By all accounts, the team that "ran it up" wasn't even trying hard to do it. They ran just 31 offensive plays--and scored touchdowns on ten of them. They also returned three punts for touchdowns. The starters were out early in the first half, the second string guys were done by halftime and a bunch of freshman and sophomores mopped up in the second half (still scoring points).
If your wondering where the parent may have gotten the idea that physically overwhelming a less-talented opponent is "bullying", you just need to check the Texas education definition of "bullying":
"Bullying occurs when a person is exposed, repeatedly and over time, to
negative actions on the part of one or more other persons, and he or she
has difficulty defending himself or herself. Bullying is aggressive
behavior that involves unwanted, negative actions. Bullying involves a
pattern of behavior repeated over time. Bullying involves an imbalance
of power or strength."
To that parent, his or her son was "repeatedly exposed" to more "power and strength" from the opposing players. And because he had "difficulty defending" against that superior talent, he had to endure the "unwanted, negative action" of repeated touchdowns. If I was a wrestler or a wrestling coach, I would worry about the future of my sport since it is entirely predicated upon "an imbalance of power or strength".

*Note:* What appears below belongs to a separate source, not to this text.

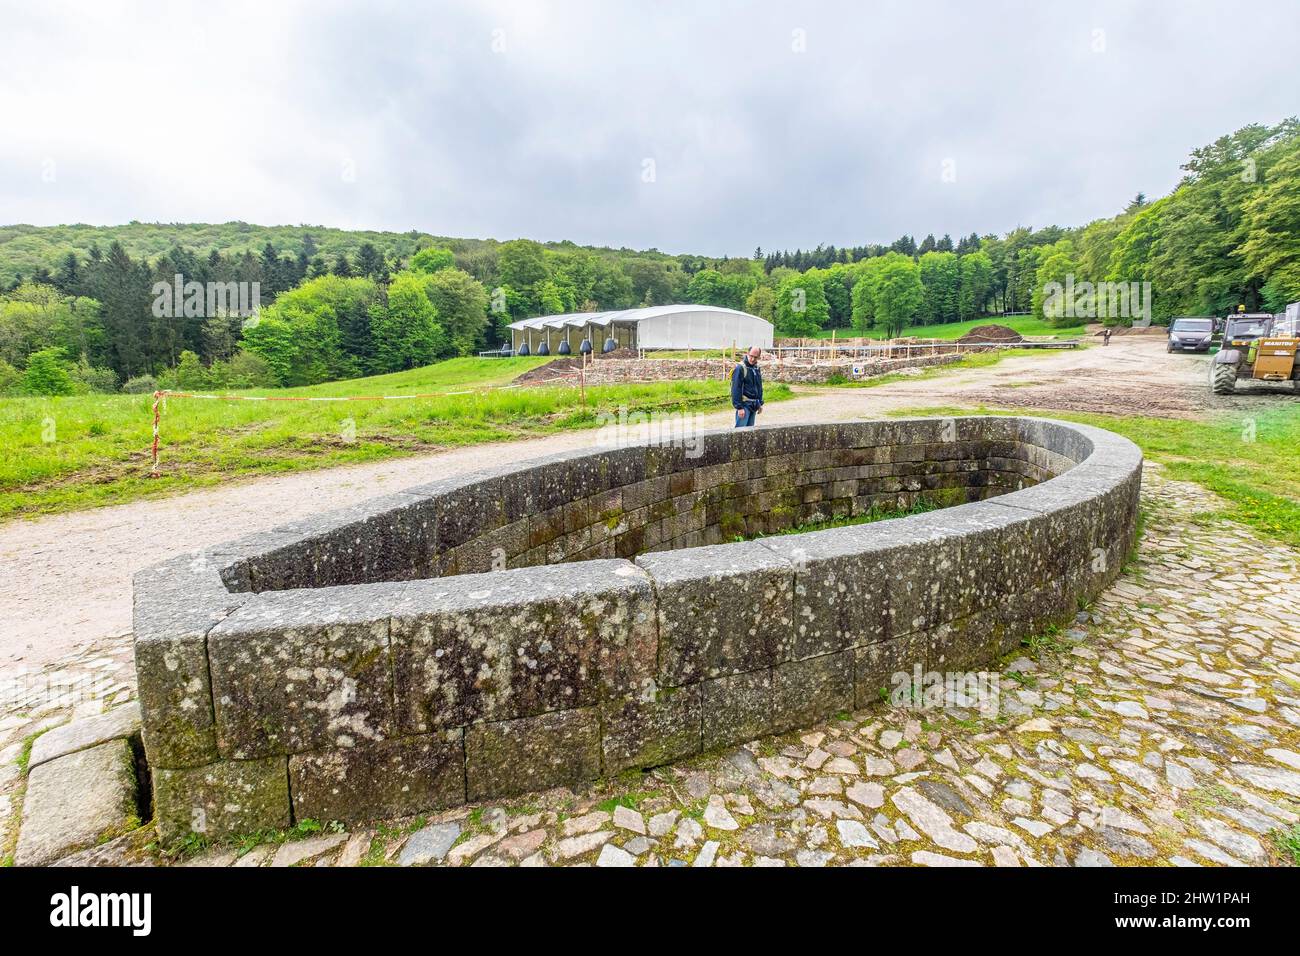 France, Saone et Loire, Saint Leger sous Beuvray, Bibracte, a Gaulish oppidum or fortified city, was the capital of the Aedui and one of the most important hillforts in Gaul, Monumental Fountain, Mont Beuvray, Parc Naturel Regional du Morvan (Regional Natural Park of Morvan) Stock Photo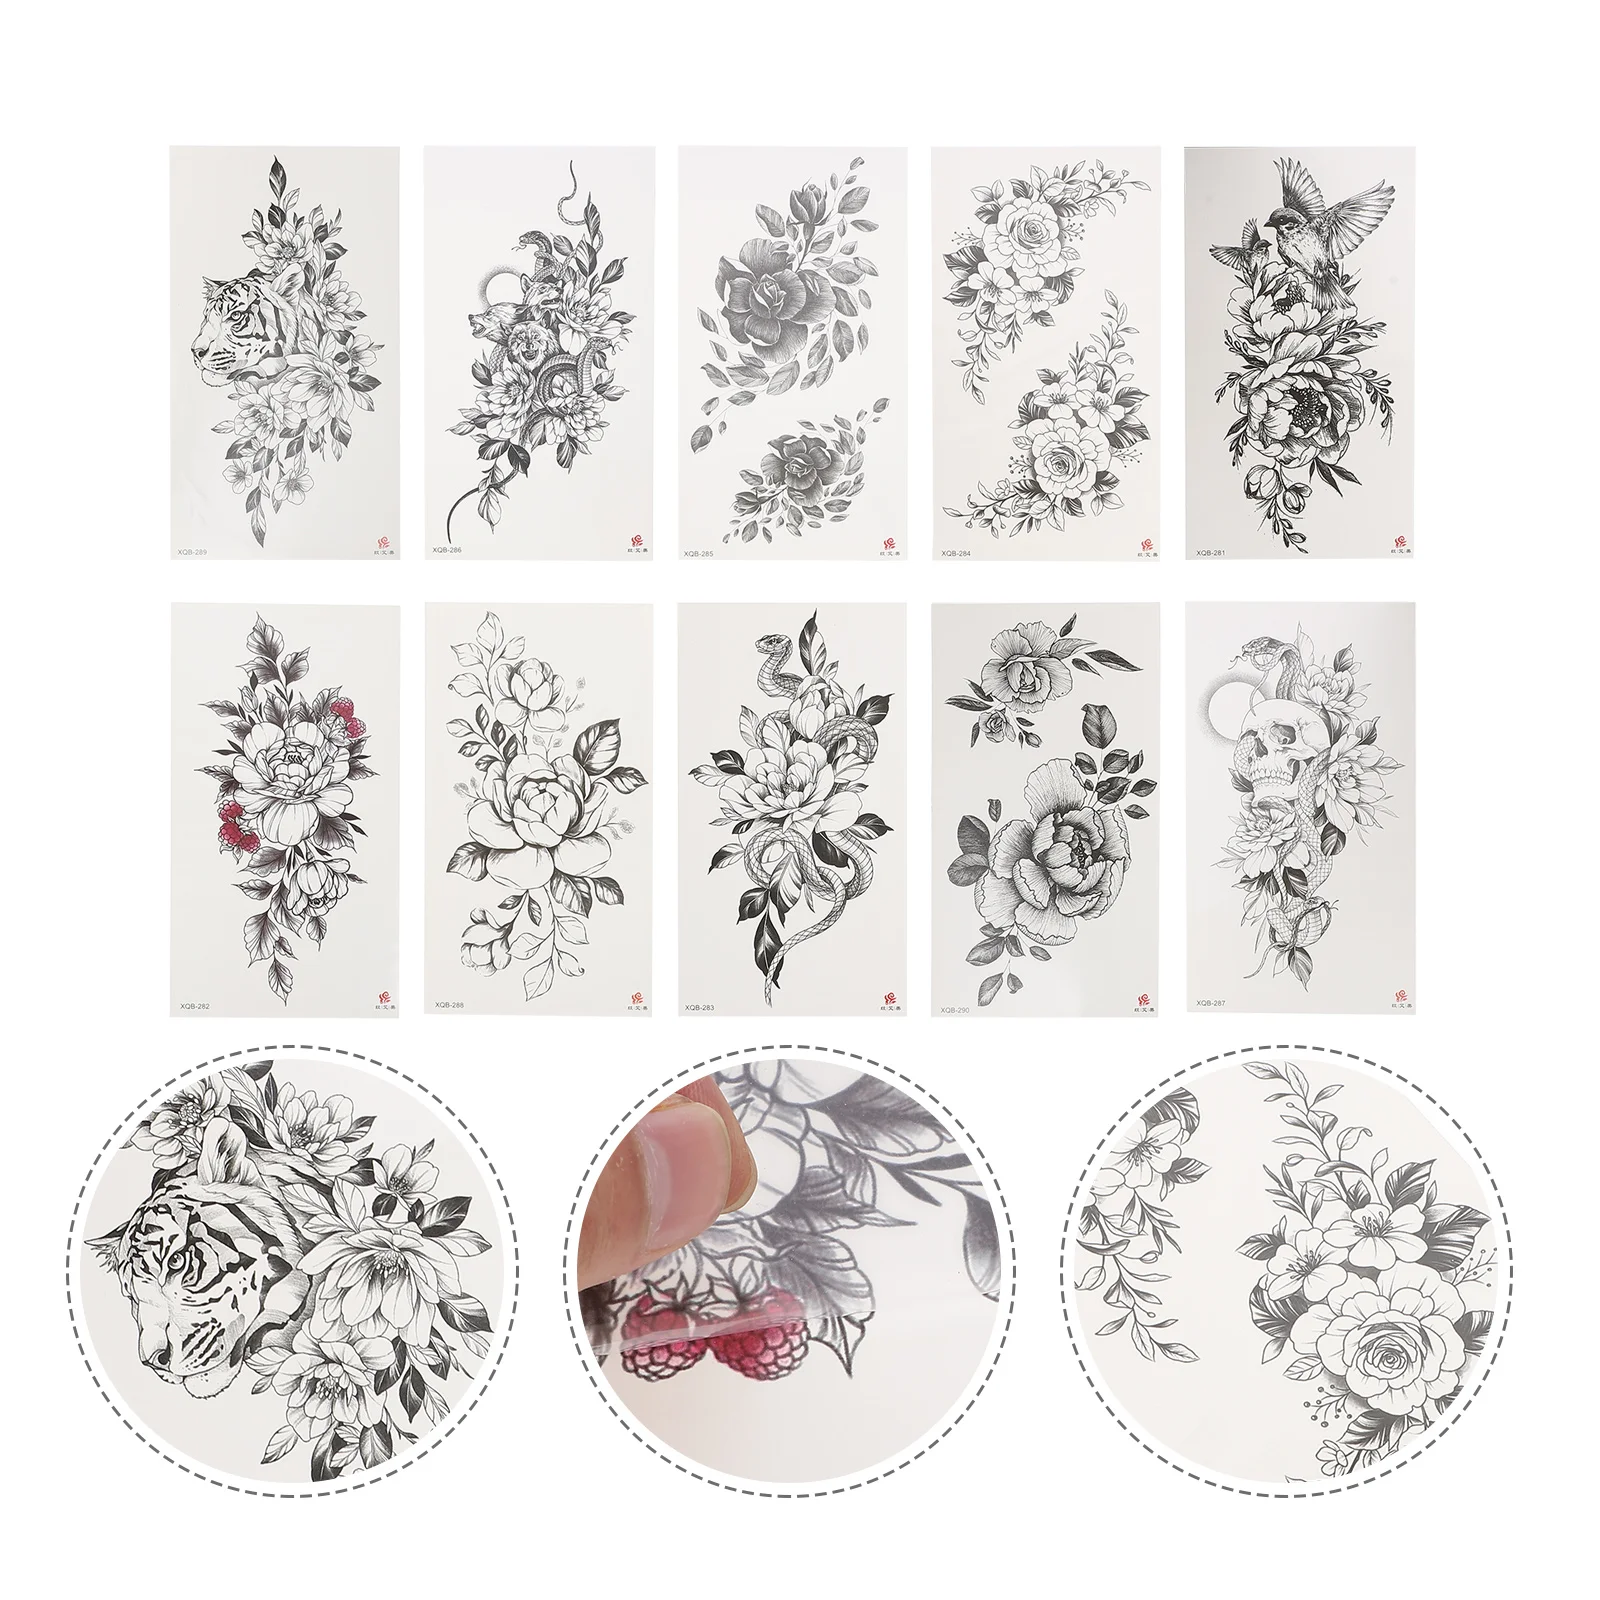 

10 Sheets Arm Tattoo Stickers Fake Tattoos Waterproof Temporary Decal The Flowers Transfer Body

This case just further exemplifies the societal trend toward punishing individual excellence. Why should the coach of the winning team tell his kids not to try their hardest when they are out on the field? Why should the second, third and fourth string players have to kneel on the ball, or go half-speed so as "not to be better" than their opponents? And as the player on the losing team, how are you going to gauge your own improvement in performance if the guy across the line from you isn't being allowed to challenge you to be better?
If the parents of the "bullied" football players can't accept the fact that their kids aren't as good at something than another kid, maybe they should move into something less competitive--like glee club. They let everybody play the lead character there don't they?